Species of Isochirotherium vary in size, with I. herculis being the largest by a wide margin. The length of the pes (foot) is approximately 300-350mm in length, correlating to an animal significantly larger than any known species of ctenosauriscid, estimated to be 5-6 meters in length. The pes has five digits, with digits I-IV being clawed and the fifth being smaller and clawless. Digits II and III are similar in length and the longest on the pes. The manus (hand) is digitigrade and the first digit is rarely preserved. Digits I-IV are clawed. The manus is much smaller than the pes, being relatively the smallest among all cheirotheriids with a length of approximately one-third of the pes on the individual preserved. Unlike Chirotherium, Isochirotherium trackways are typically straight, rather than meandering. Isochirotherium herculis trackways are narrow relative to the size of the animal, and indicate an erect stance with the limbs held below the body.

== Paleoenvironment ==

=== Isochirotherium herculis ===
Isochirotherium herculis trackways are known from the Middle Triassic, a time when the Tethys coastline was undergoing dramatic change.

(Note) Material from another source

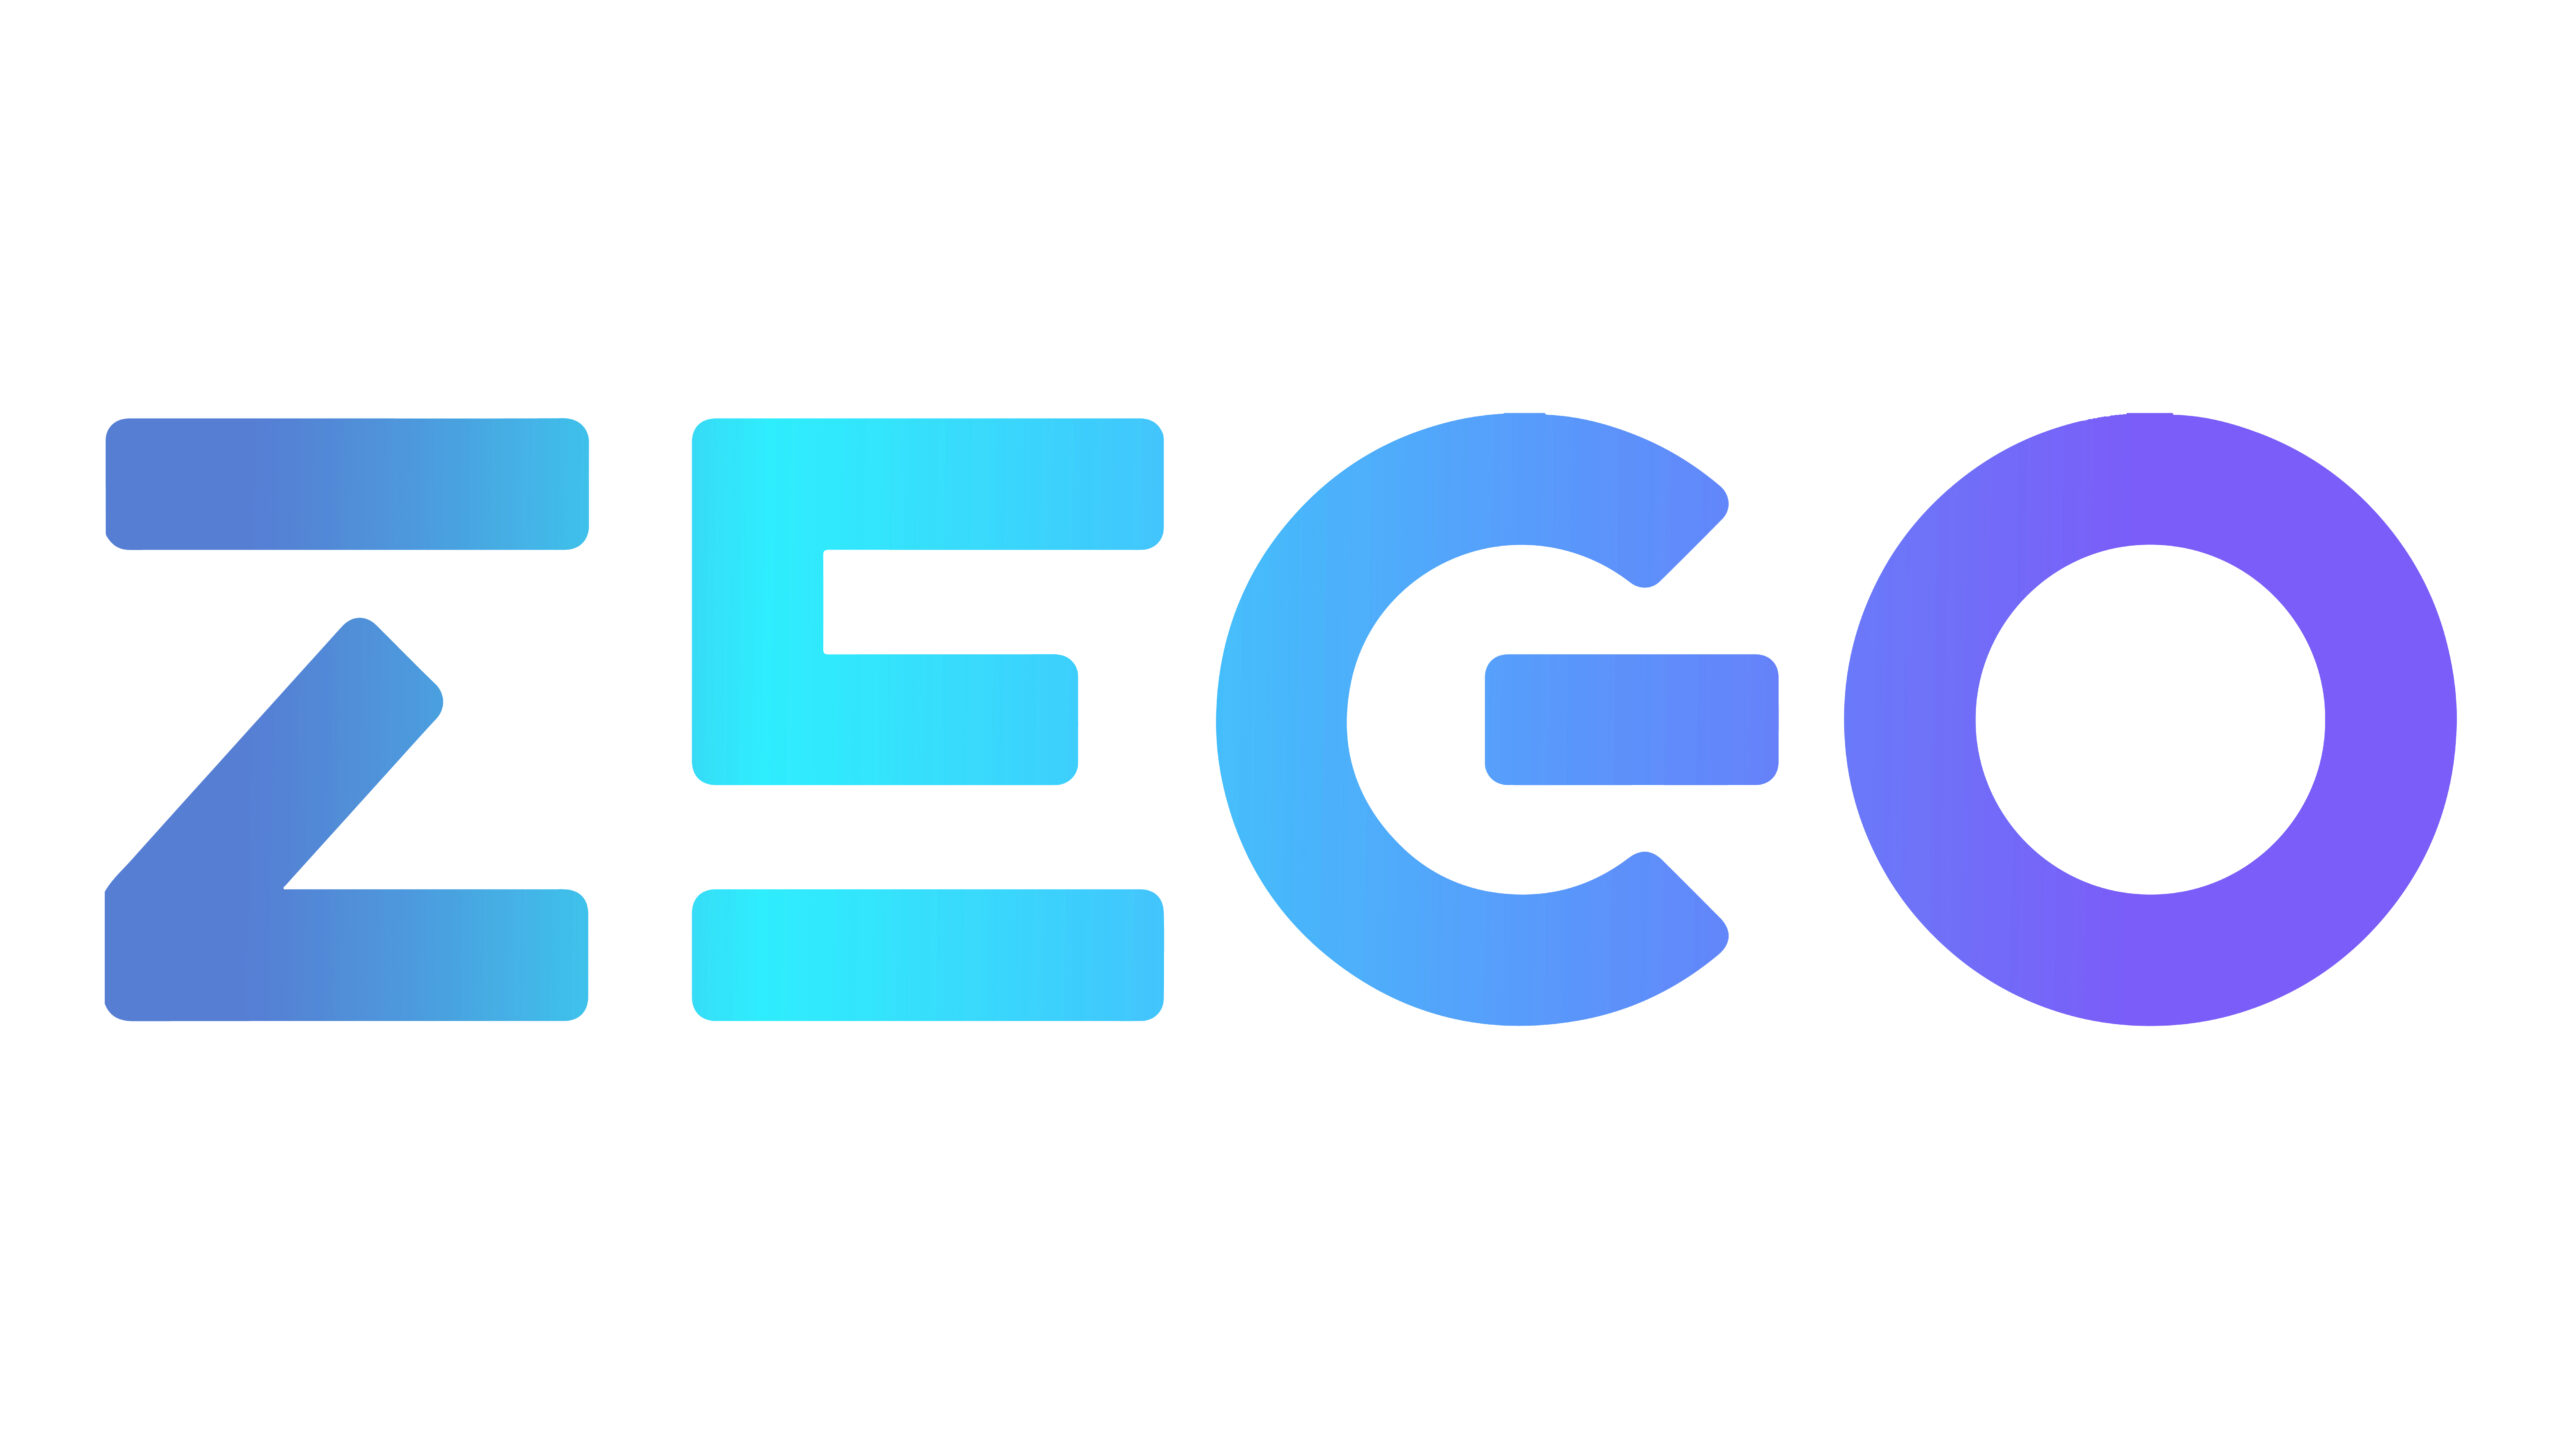 Страховая компания Zego объявило о сотрудничестве с мобильным стартапом Brite

The uplift of mountains and marine regression made terrestrial reptile movement possible across areas previously restricted by the Tethys, and the presence of Isochirotherium herculis trackways alongside other large, terrestrial archosaurs in an intertidal flat potentially indicates migration and dispersal of large-bodied archosaurs and dinosauromorphs in Triassic Europe. The flat which preserves the longest known trackway of Isochirotherium herculis also includes a variety of other organisms, both marine and terrestrial. The footprints present were found with the remains of Nothosaurs inside them, as well as Hybodontiform fish. Additional tracks preserved alongside Isochirotherium herculis are those of Synaptichnium, Rhynchosauroides, Rotodactylus, and various Prolacertiform taxa. The Sabkha environment surrounding the trackways would have been highly saline and likely sparse or devoid of vegetation. Large-bodied predators like Isochirotherium herculis may have crossed the Sabkha following small reptile prey, which migrated to the shore during the mating season of extinct Horseshoe crabs. These intertidal flats were frequently flooded, but the tides were slow and shallow, allowing for good preservation quality of the trackways. The general ecosystem's geology and ecology has been noted as being similar to the intertidal flats of the UAE.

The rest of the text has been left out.